_TASK OBJECTIVE:_ The line with "Bransonic Model DHA1000-6R" marks the first line to copy, and the line with "Kroniek van kunst" marks the last. Transcribe that stretch of the data below exactly, without pictures.
SUPPLIED ENTRIES section start
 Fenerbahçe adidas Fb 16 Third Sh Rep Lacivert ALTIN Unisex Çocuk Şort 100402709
SUPPLIED ENTRIES section end
SUPPLIED ENTRIES section start
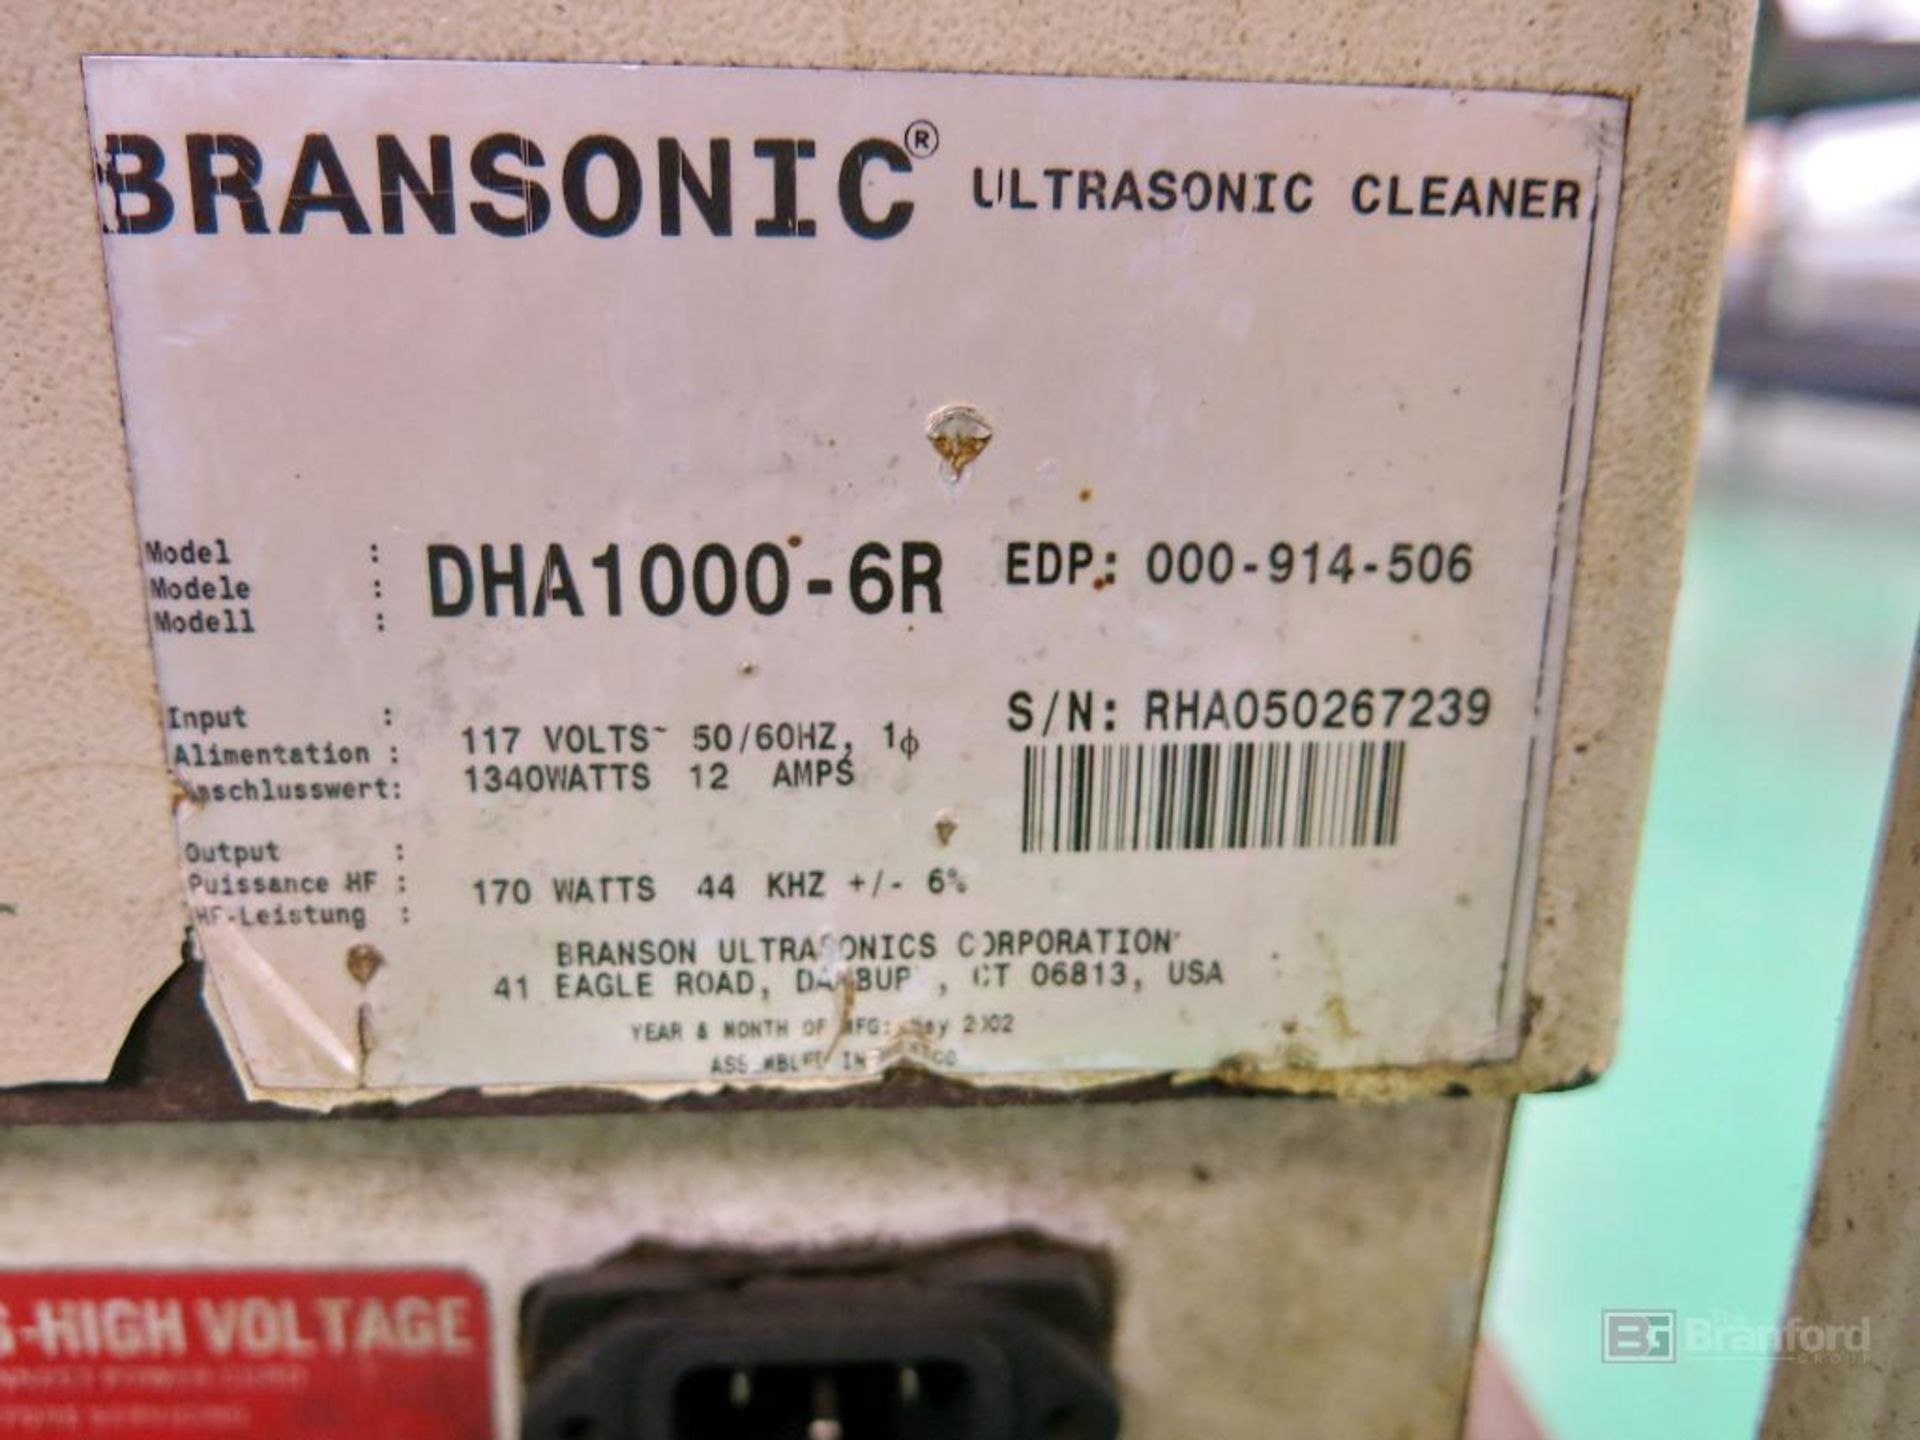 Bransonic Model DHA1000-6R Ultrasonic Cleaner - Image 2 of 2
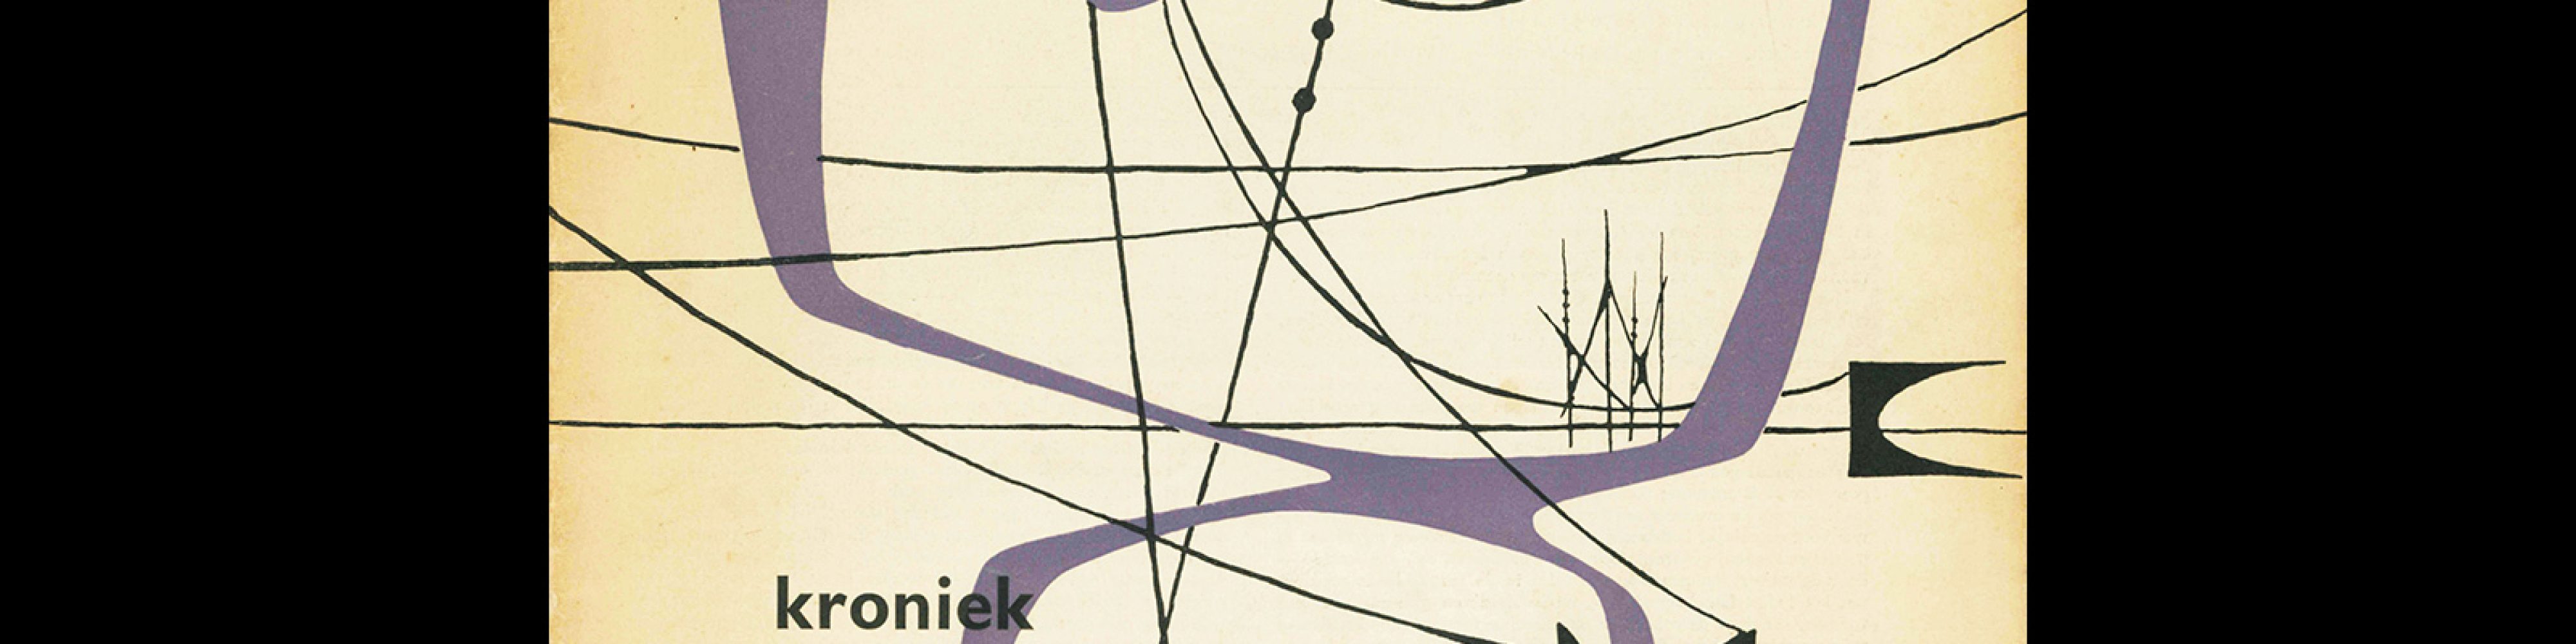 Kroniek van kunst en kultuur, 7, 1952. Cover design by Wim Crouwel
SUPPLIED ENTRIES section end
_SOLUTION TO THE EXERCISE:_
 Bransonic Model DHA1000-6R Ultrasonic Cleaner - Image 2 of 2
 Kroniek van kunst en kultuur, 7, 1952. Cover design by Wim Crouwel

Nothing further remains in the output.